THE DATA>

Segment Open

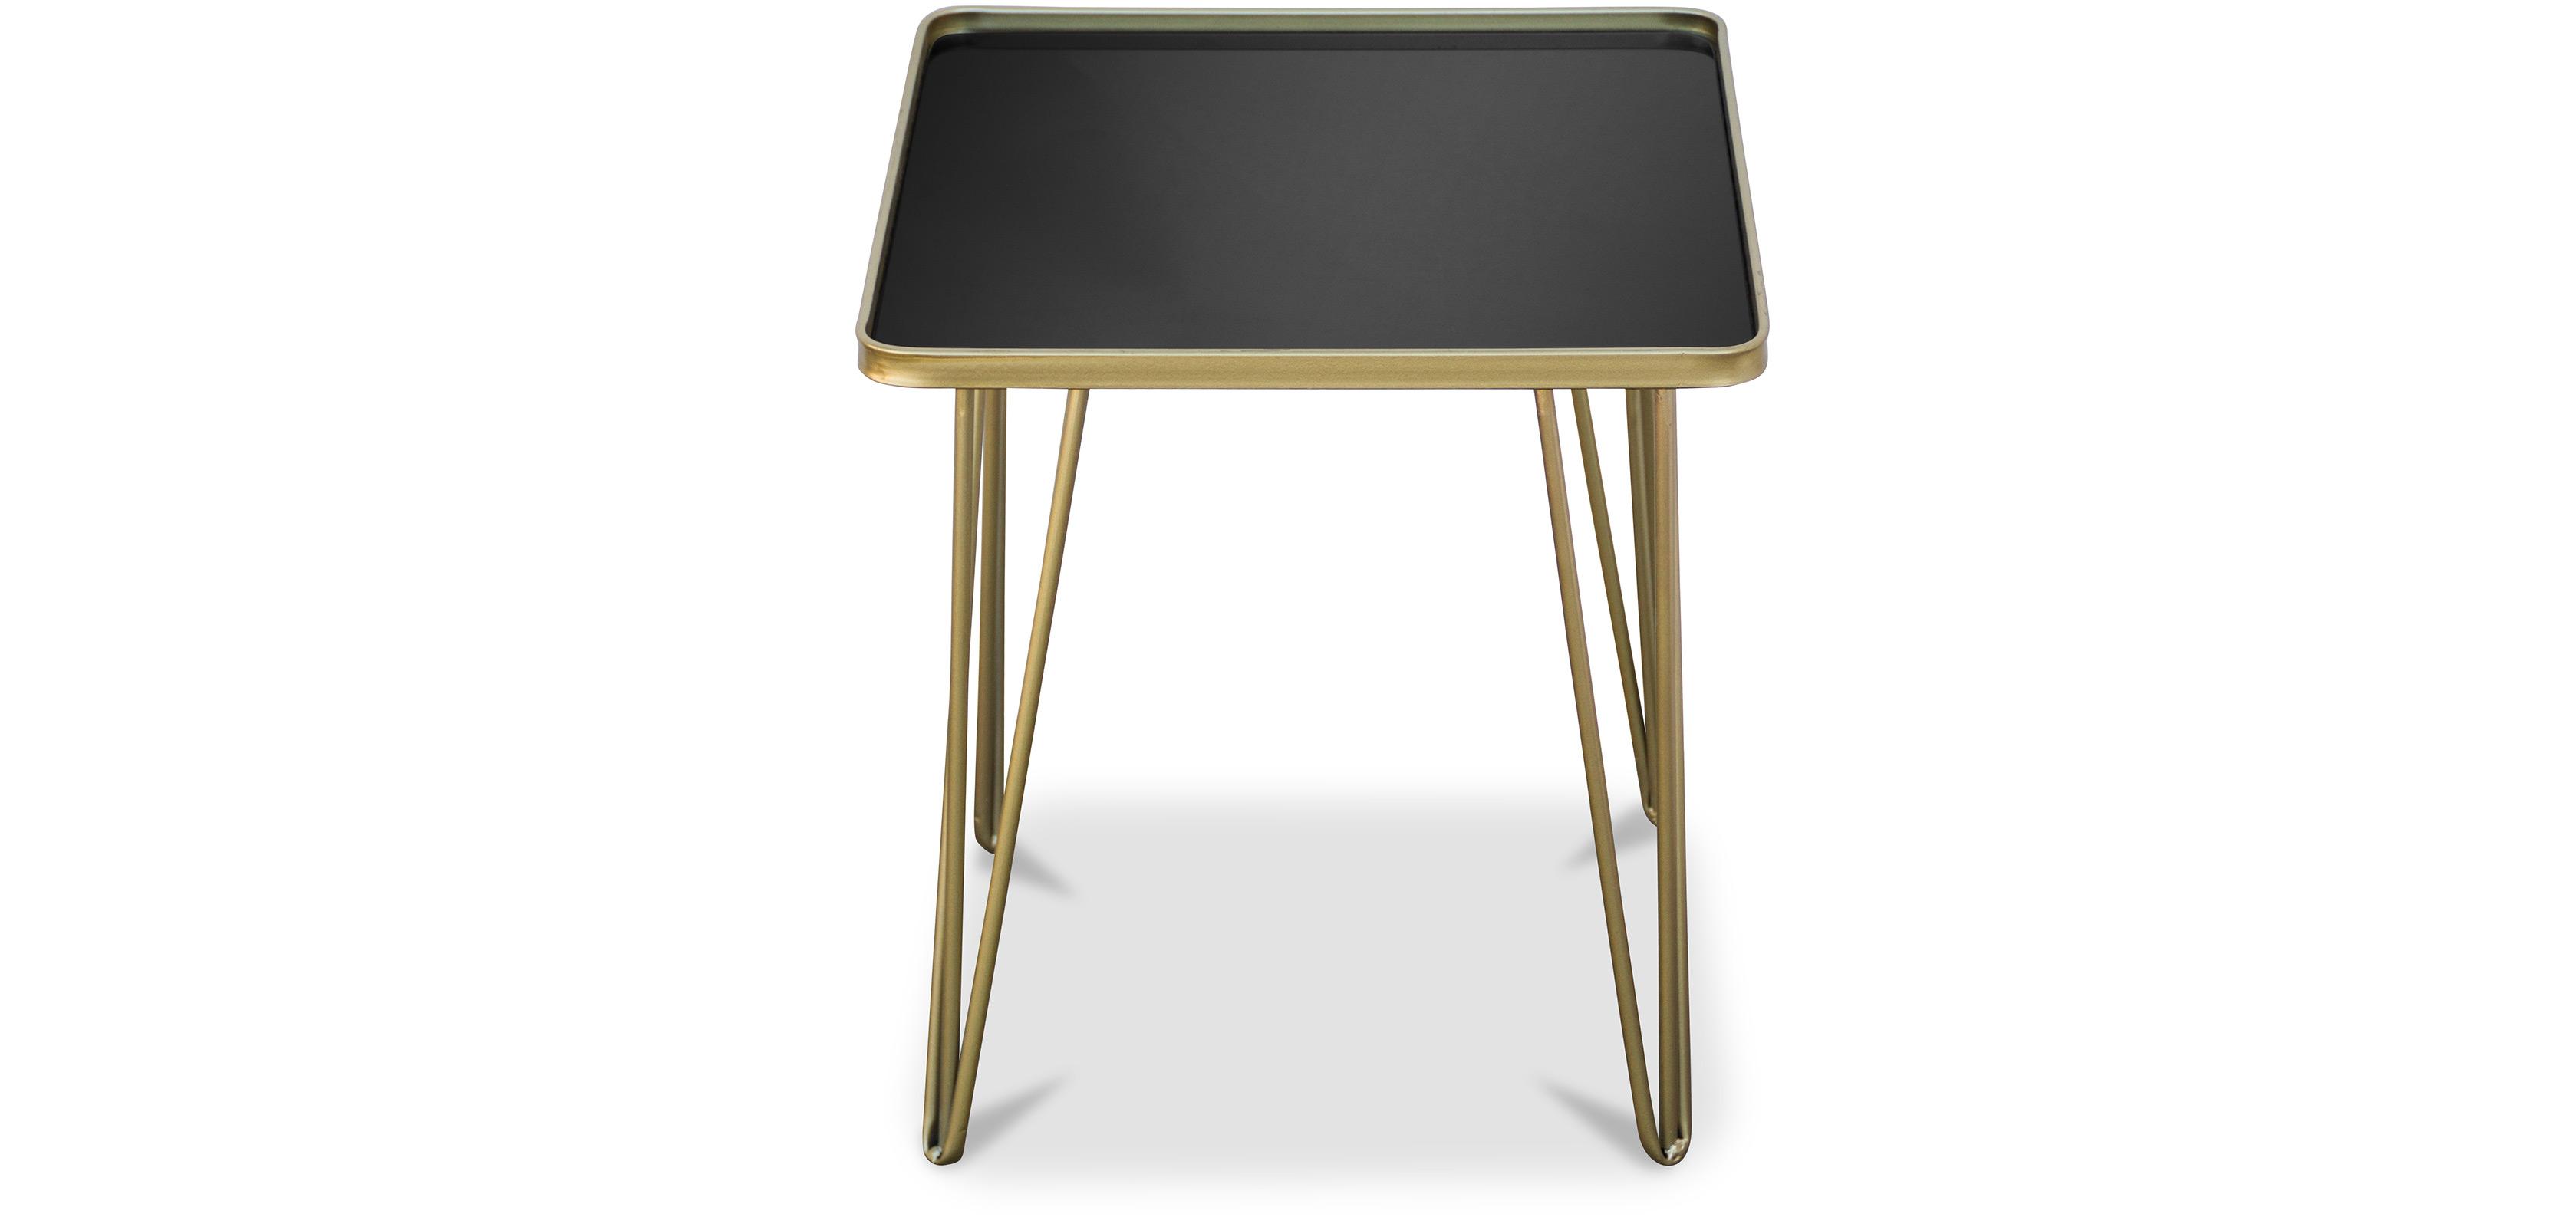 table basse d 39 appoint pieds en pingle dor s. Black Bedroom Furniture Sets. Home Design Ideas
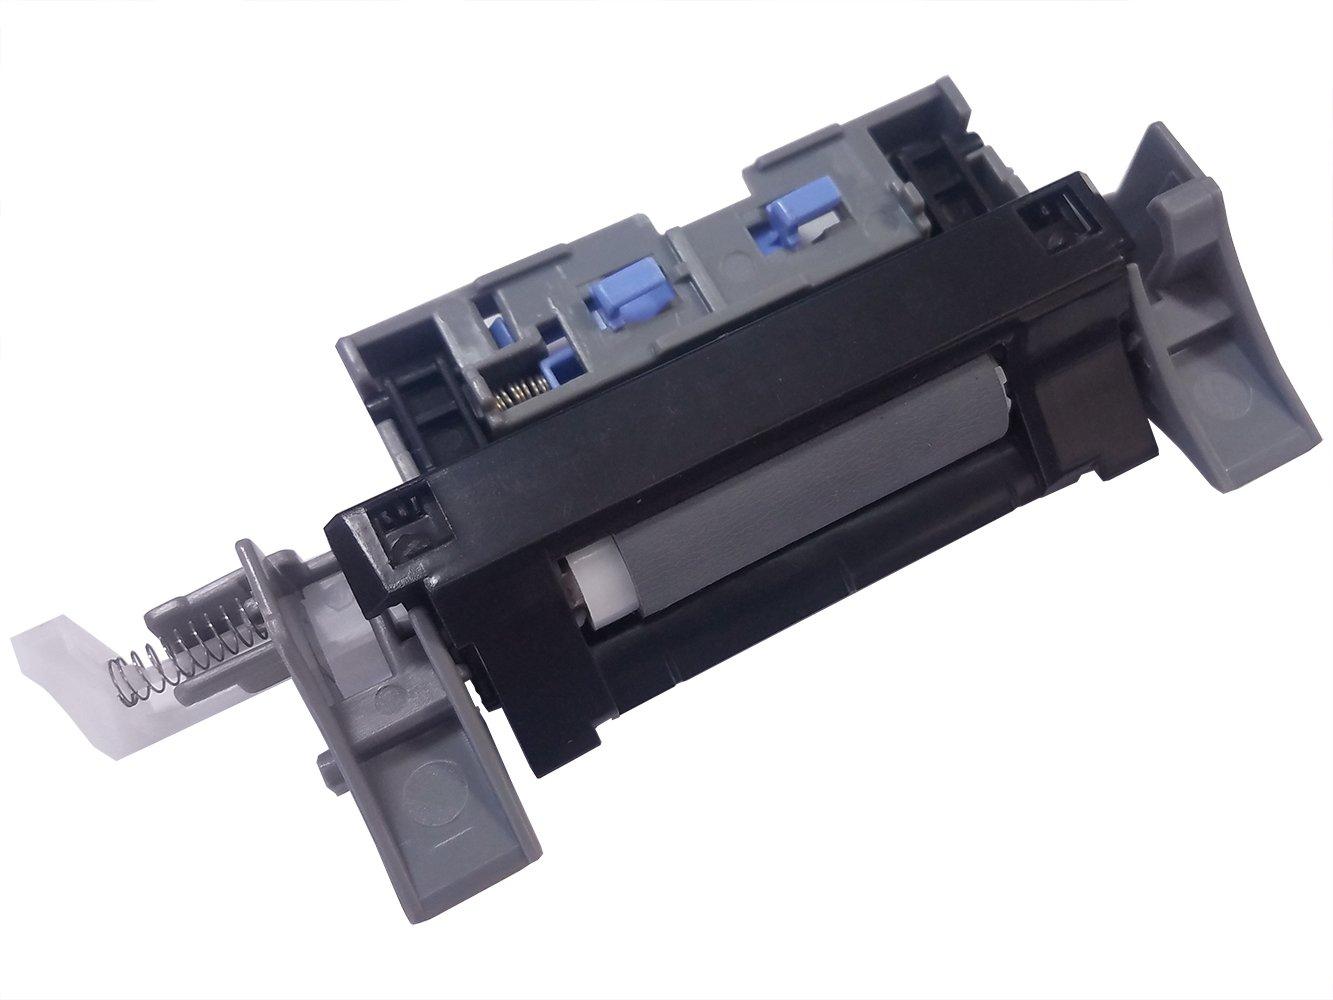 Transfer Roller /& Tray 1-3 Rollers ITB Deluxe Transfer Kit for HP Laserjet CP5225 // CP5525 // M750 // M775 with Intermediate Transfer Belt CE979A, CE710-69003, CC522-69003 Altru Print CE516A-TK-AP
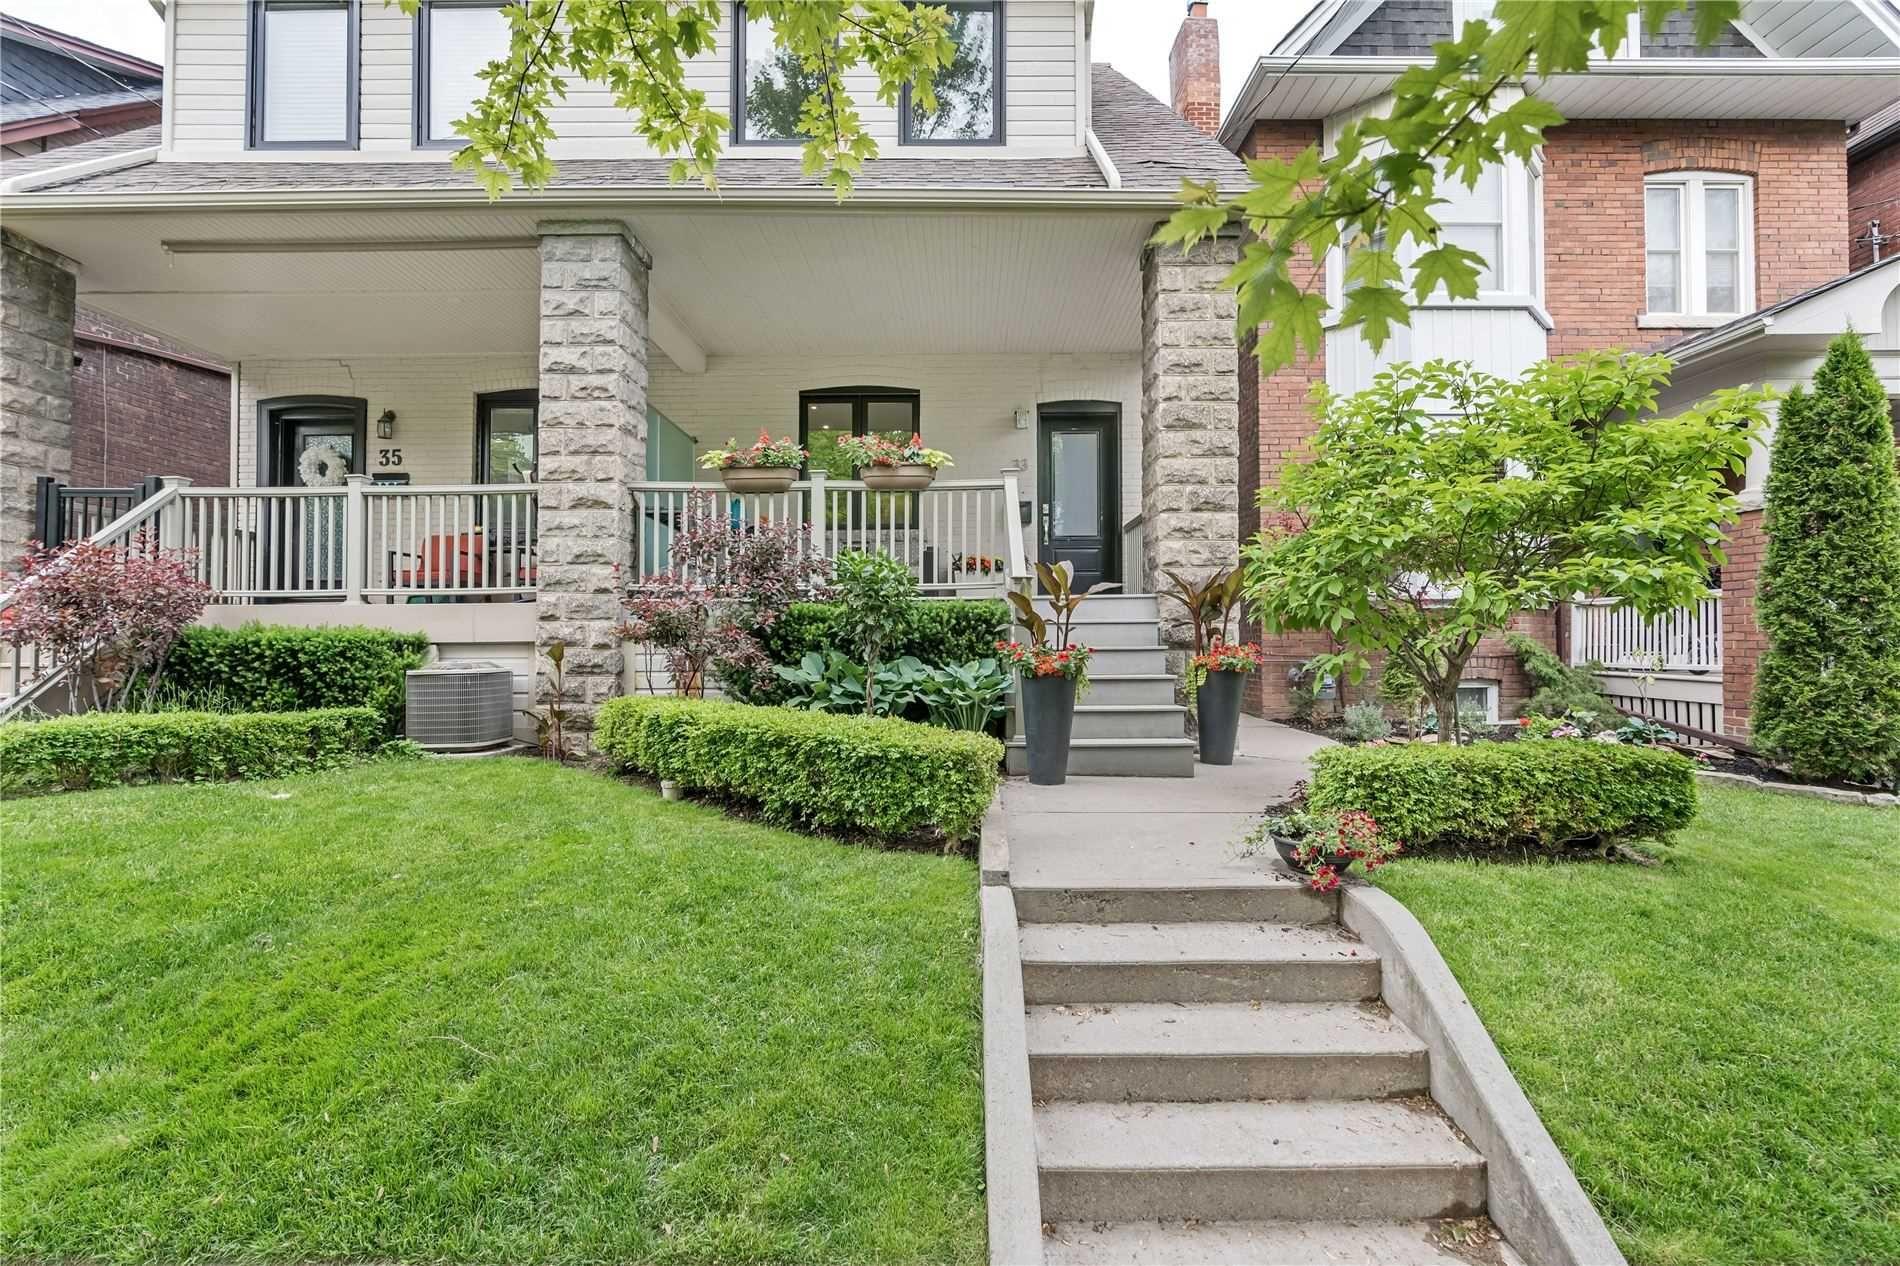 Main Photo: 33 Lockwood Road in Toronto: The Beaches House (2-Storey) for lease (Toronto E02)  : MLS®# E5274503
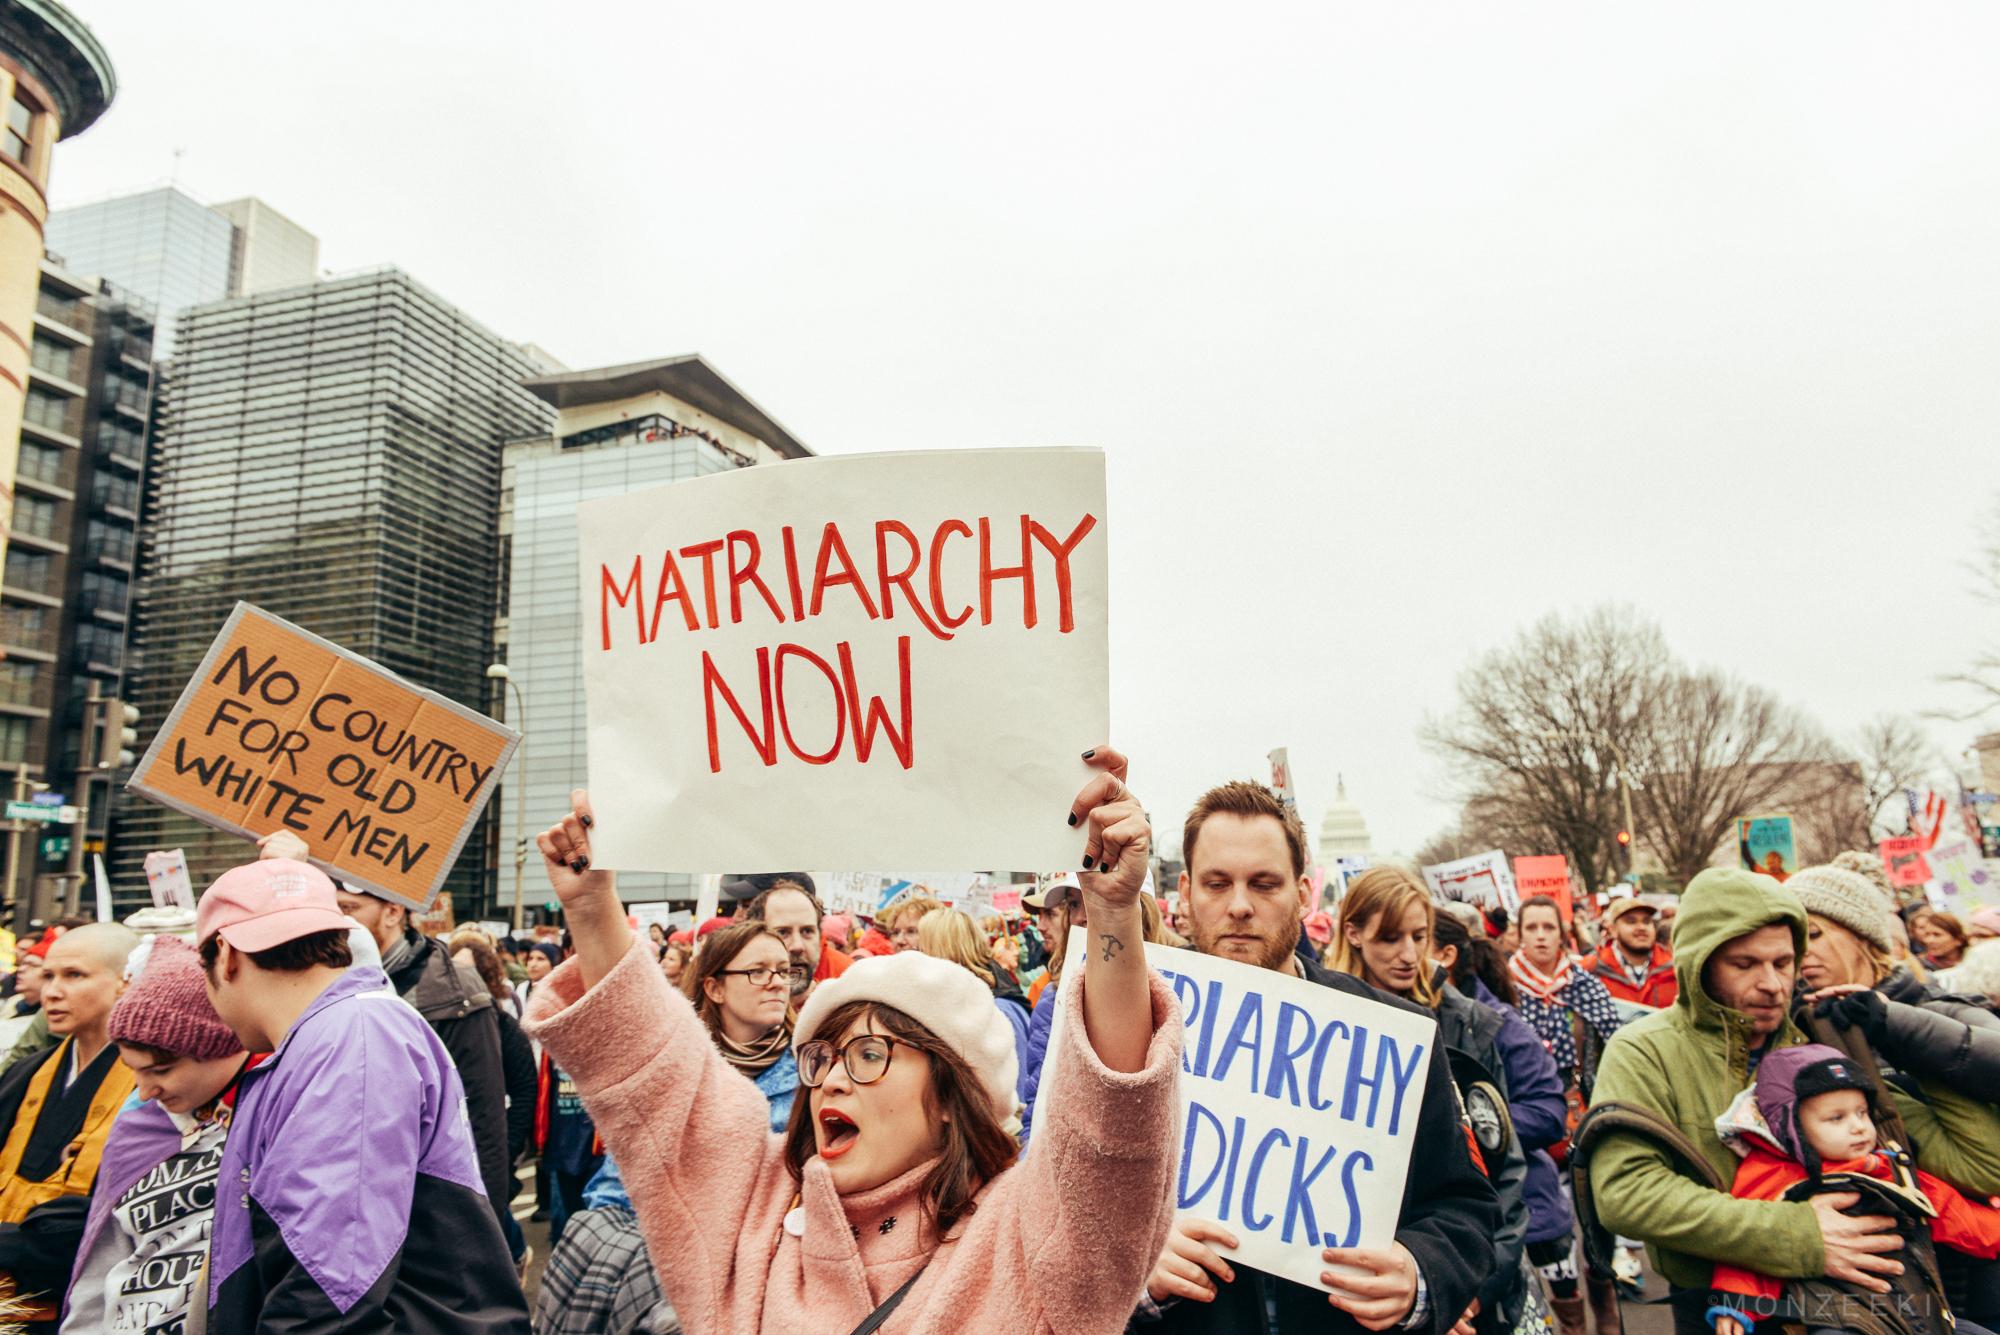 20170121-womens-march-dc-2806.jpg

Segment Closed

YOUR ASSIGNMENT> In transcribing the listing, keep each word as it is and drop the pictures.

RESULT FOR THIS EXERCISE>
 table basse d 39 appoint pieds en pingle dor s. Black Bedroom Furniture Sets. Home Design Ideas
 Transfer Roller /& Tray 1-3 Rollers ITB Deluxe Transfer Kit for HP Laserjet CP5225 // CP5525 // M750 // M775 with Intermediate Transfer Belt CE979A, CE710-69003, CC522-69003 Altru Print CE516A-TK-AP
 Main Photo: 33 Lockwood Road in Toronto: The Beaches House (2-Storey) for lease (Toronto E02)  : MLS®# E5274503
 20170121-womens-march-dc-2806.jpg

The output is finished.